Всем членам Политбюро ЦК ВКП(б)

Копия – тов. Вышинскому

 

Дорогие товарищи!

 

Будучи в городах Средней Азии, я не имел никакого представ­ления о процессе. Никакого вызова из Москвы – ни от ЦК, ни от Прокуратуры – я не получал. Приехав во Фрунзе, я случайно прочел о показаниях Каменева. Я тотчас отправился в Ташкент, оттуда выслал телеграмму на имя т. Сталина и немедленно на самолете вылетел в Москву. Прилетел вчера, ночью читал газе­ты, не читанные вдалеке. И, пока мой разум еще не помутился от того позора и бесчестья, которые созданы не столько фактом моей подследственности, сколько резолюциями, часть коих пред­полагает доказанной мою виновность (хотя следствие еще и не начиналось, т.е. только на основе заявлений мерзавцев Камене­ва и др<угих>), я обращаюсь к вам с настоящим письмом.

Затруднительность положения усугубляется тем, что, несмот­ря на самолет (и нарушение постановления о летании), я не по­спел к суду, и, следовательно, не могу уже требовать очной став­ки с Каменевым, Зиновьевым, Рейнгольдом. Моих обвинителей поделом расстреляли, но их обвинения живут.
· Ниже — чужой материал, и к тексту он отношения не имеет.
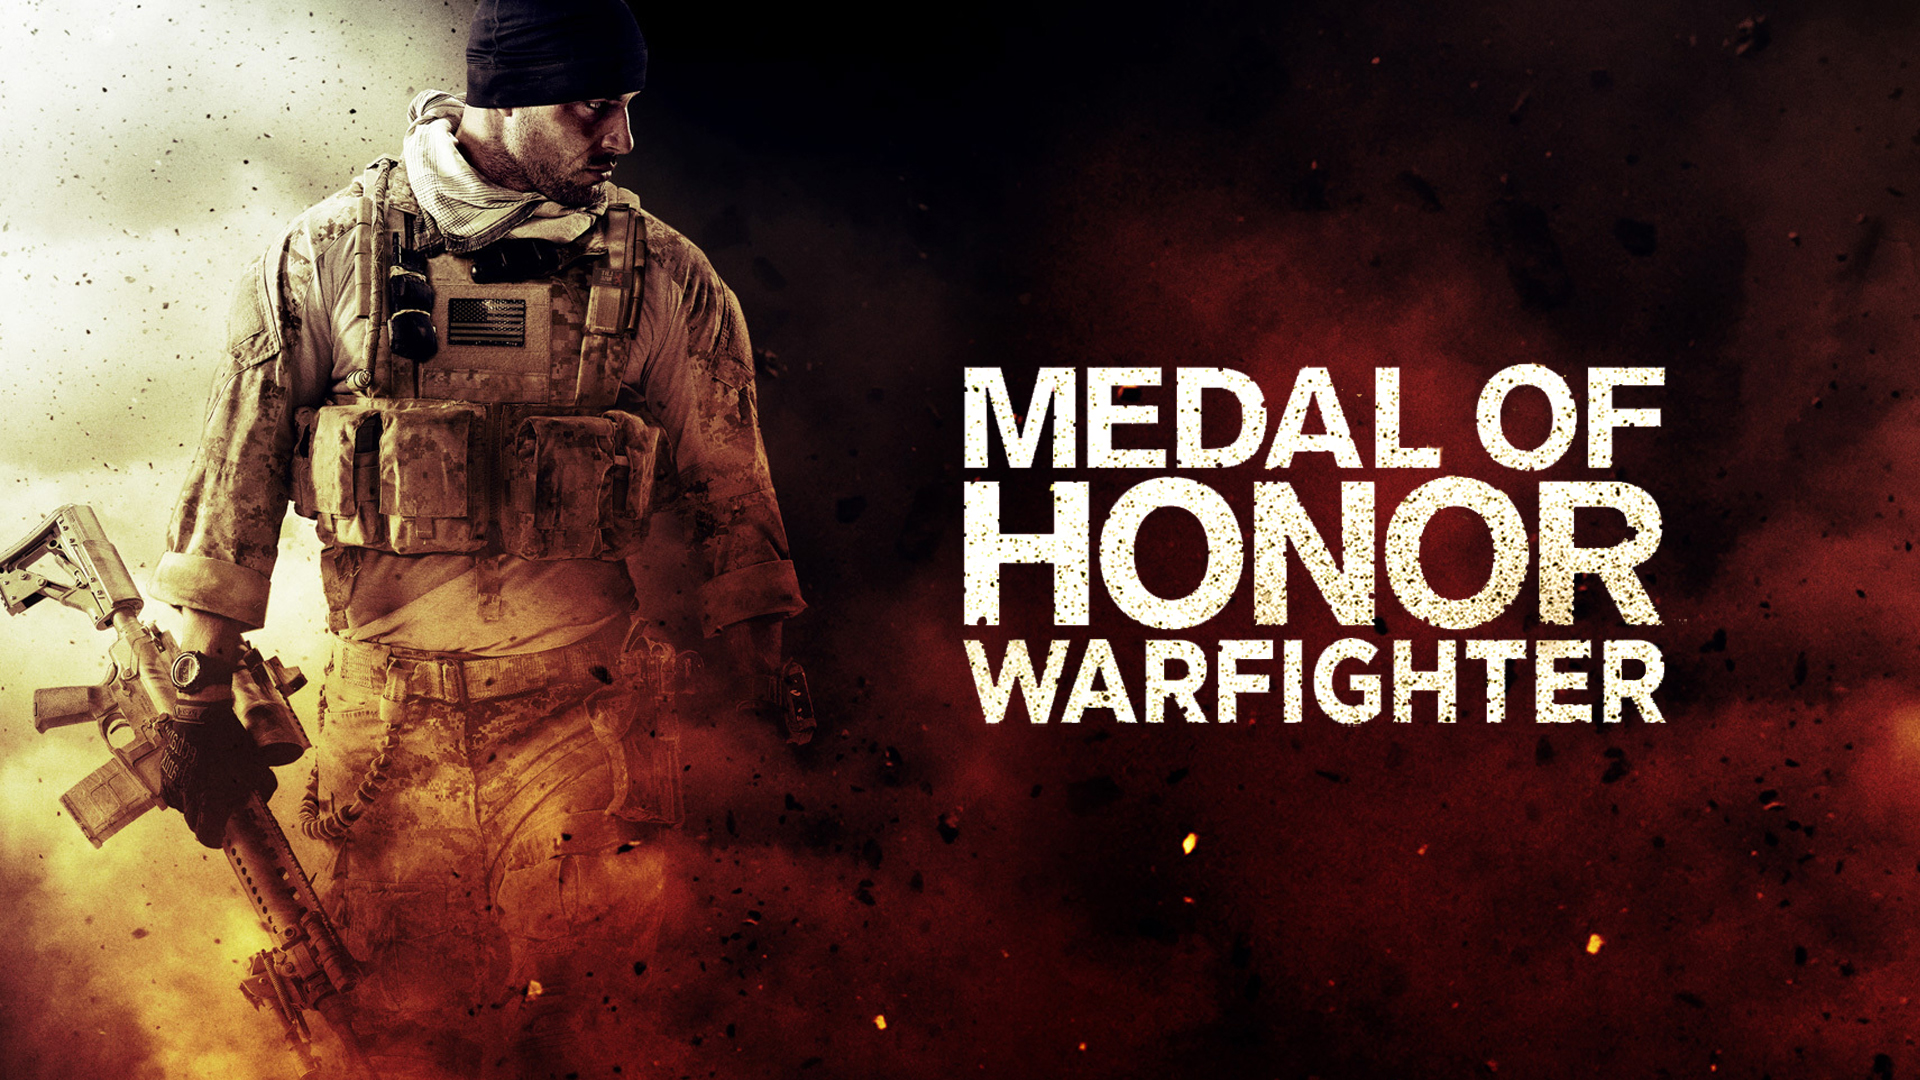 Medal of Honor Warfighter Wallpaper #5 by xKirbz on DeviantArt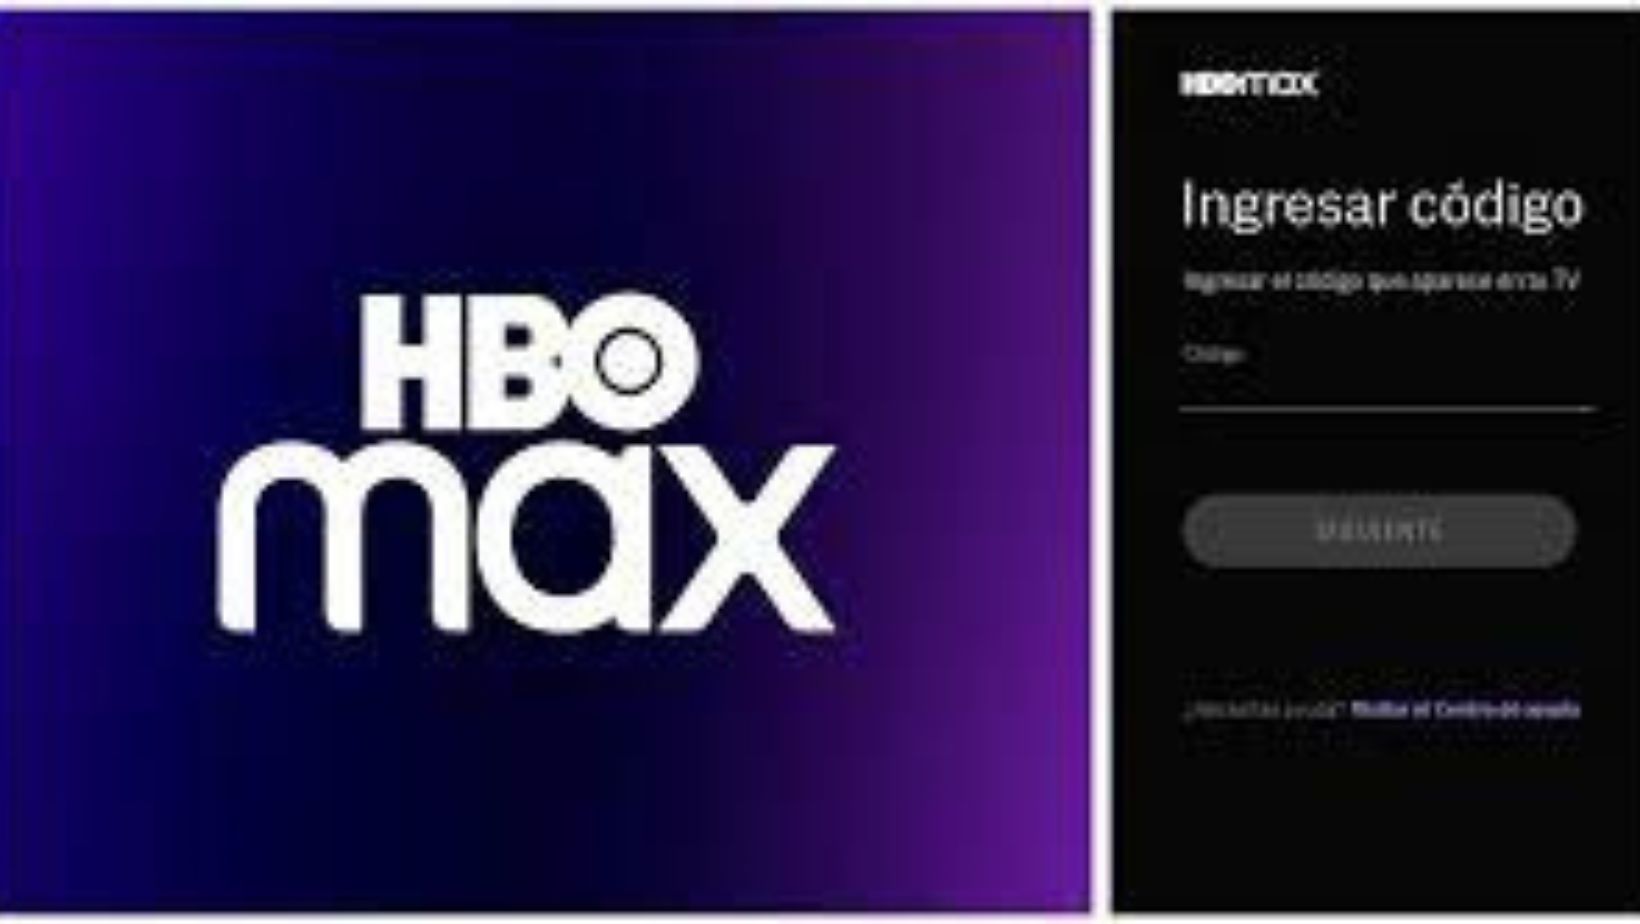 HBOmax.com/tvsignin Ingresar Codigo

Между тем я не только не виновен в приписываемых мне пре­ступлениях, но могу с гордостью сказать, что защищал все послед­ние годы, и притом со всей страстностью и убежденностью линию партии, линию ЦК, руководство Сталина.

Прежде всего, я хотел бы сказать несколько слов о том, зачем, по всей вероятности, понадобилась Каменеву и К° клевета. Она понадобилась им, по-видимому, в следующих целях:

а) показать (в международном масштабе), что “они” – не одни; б) использовать хотя бы самый малый шанс на помилование пу­тем демонстрации якобы предельной искренности (“разоблачать” даже “других”, что не исключает прятанья своих концов в воду); в) побочная цель: месть тем, кто хоть как-нибудь активно живет политической жизнью. Каменев поэтому постарался, вместе с Рейнгольдом, отравить все колодцы – жест очень продуманный, хитрый, рассчитанный. При таких условиях любой член партии боится поверить любому слову бывшего когда-либо в какой-либо оппозиции товарища.

“Правда” от имени партии писала в одной из передовых по поводу людей, имена коих фигурируют в заявлении тов. Вышин­ского (о следствии), что нужно убедиться, кто честен, а у кого камень за пазухой. Правильная постановка вопроса. Именно это и должно установить следствие.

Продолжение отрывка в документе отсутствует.